When work treats me like a baby treats a diaper, I confess I sometimes read this post from The Guardian: “Treat us with respect: how to become your PR agency’s favourite client.”

The reason this British rant is so appealing to someone facing a momentary bout of professional self-pity is obvious from the whiny title to the passive-aggressive five-point wish list the author likely hopes his or her client will see. It’s something we wish we could tell some of our clients who view their interactions with PR agencies as transactions as opposed to relationships. The anonymous author, who boasted a six-year-career in public relations, demanded the following from clients:

  1. Transparency
  2. Relationship-building
  3. Streamlined approval process
  4. Reacting effectively to media opportunities
  5. Collaborative communication

“If clients look at PR partnerships in this way – as opposed to clinical and transactional – then you’ll certainly win my vote.”

What the author failed to explain was why the client would want to win his or her vote at all. If a client doesn’t get a vote, what happens? Someone else gets “elected?” PR stops? More likely there is a firing – from either the client’s side or within the agency. What the article conveyed rather convincingly, however, was the emotional frustration of an agency representative who knew the experience between client and agency could be so much more.

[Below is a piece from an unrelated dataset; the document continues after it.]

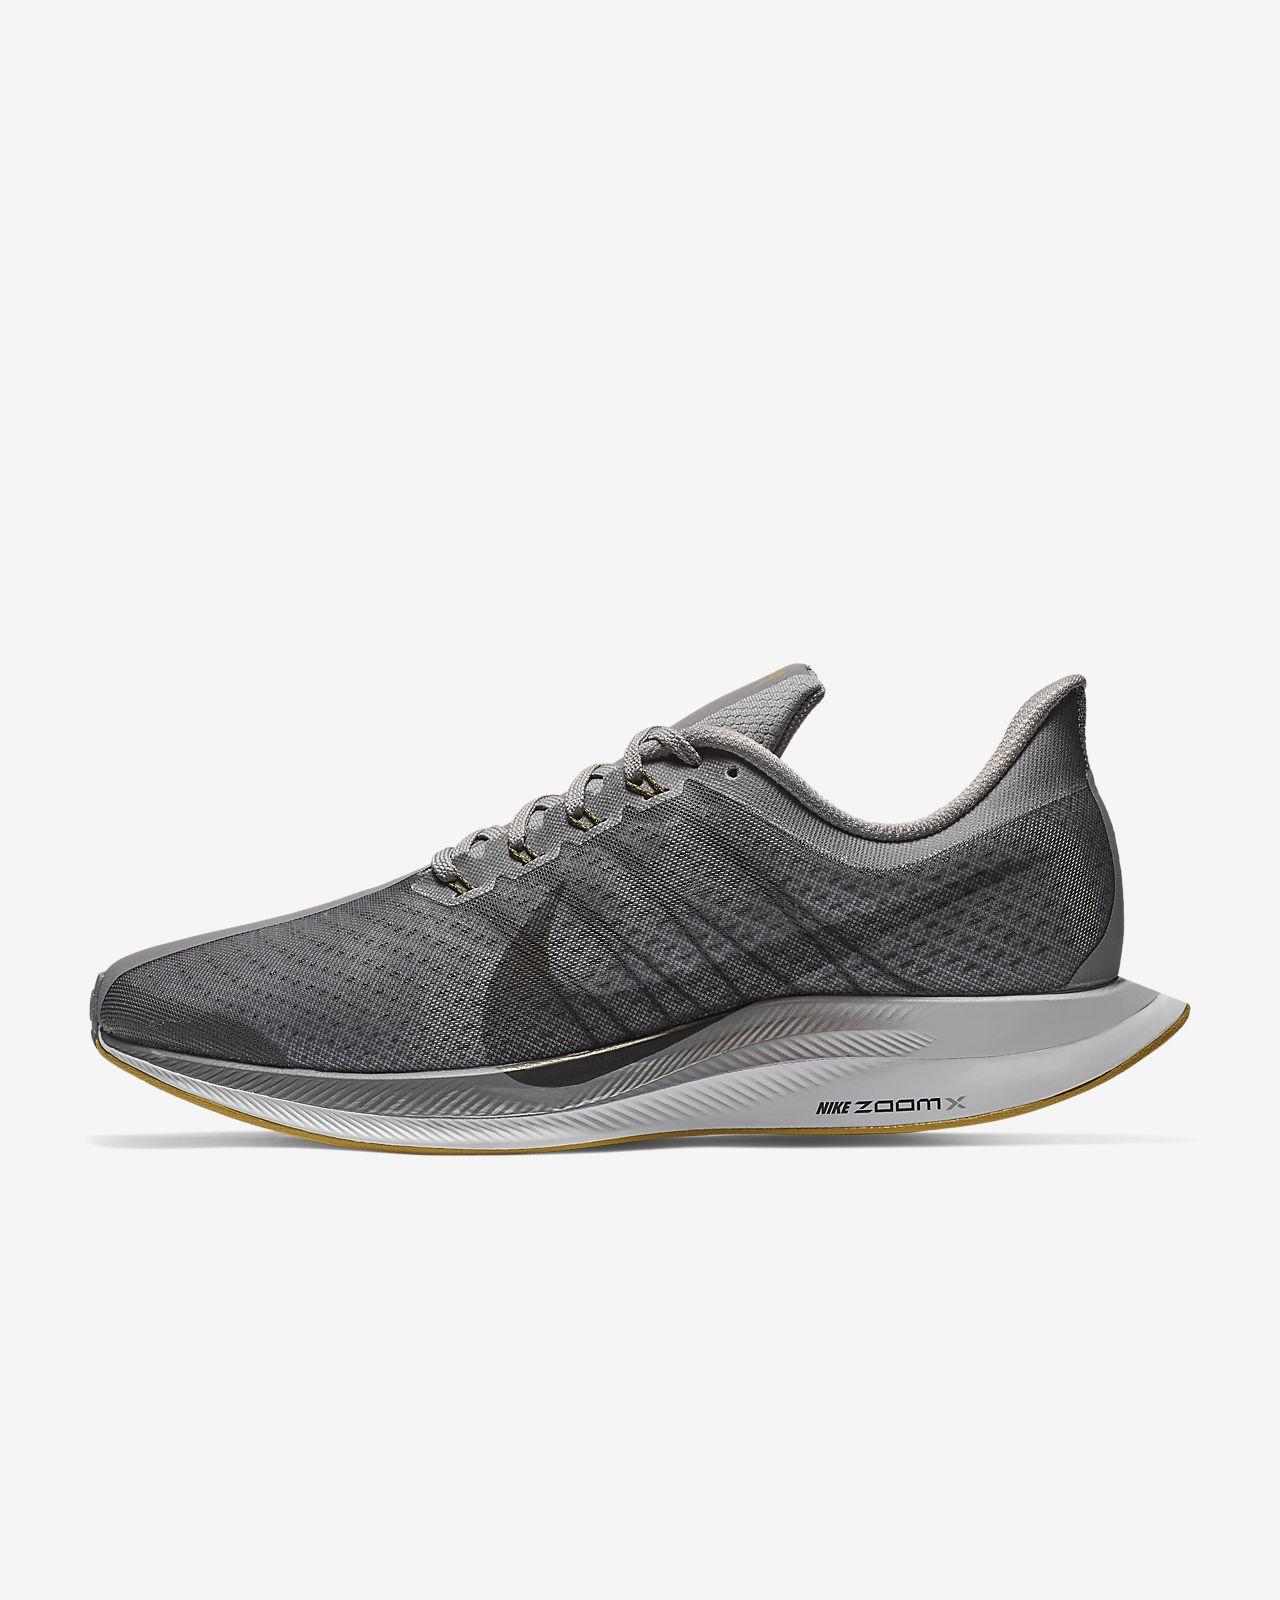 Nike Zoom Pegasus Turbo Zapatillas de running - Hombre

And “more” is exactly what other experts have been trying to uncover.

Taking MarketingProfs’ piece, “How to be a good Public Relations Client.” Ford Kanzler, a principal at Marketing/PR Savvy, wrote in 2008 about the importance of teamwork and collaboration. He cited press releases as an example of important agency/client collaboration. That’s where a company secured an outsider’s point of view to publish a press release that passes the “so what” test. He concluded, “Clients should continuously get more from their agency as time passes. As the relationship and the agency team’s client knowledge grows, so should the service quality level.”

In other words, being a good client means you will improve your PR return on investment.

Business publications have sought to explain how best to do that. Inc., for example, published “How to Make the Most of Your Public Relations Firm.” The 2010 article outlined four steps clients need to take:

  1. Focus on communications
  2. Set solid expectations
  3. Use all available services
  4. Work with your agency to deal with crisis situations

Five years later Forbes published “How to Manage Your Public Relations Agency” with a 10-point checklist, beginning with defining objectives, starting with trust, and giving a three-month window to see if the agency was capable of doing the job.

What these articles miss is the approach both parties need to get the most out of their symbiotic relationship with each other. For example, when the client is disappointed, how should they communicate their frustration to get the results they need? Will yelling work? A guilt trip? A plaintive request for help?

Or when the agency has heard the client suggest a very-bad-no-good idea, how should they voice their concerns? Immediately? With a guffaw? Or an audit of similar tactics and strategies to show likely outcomes?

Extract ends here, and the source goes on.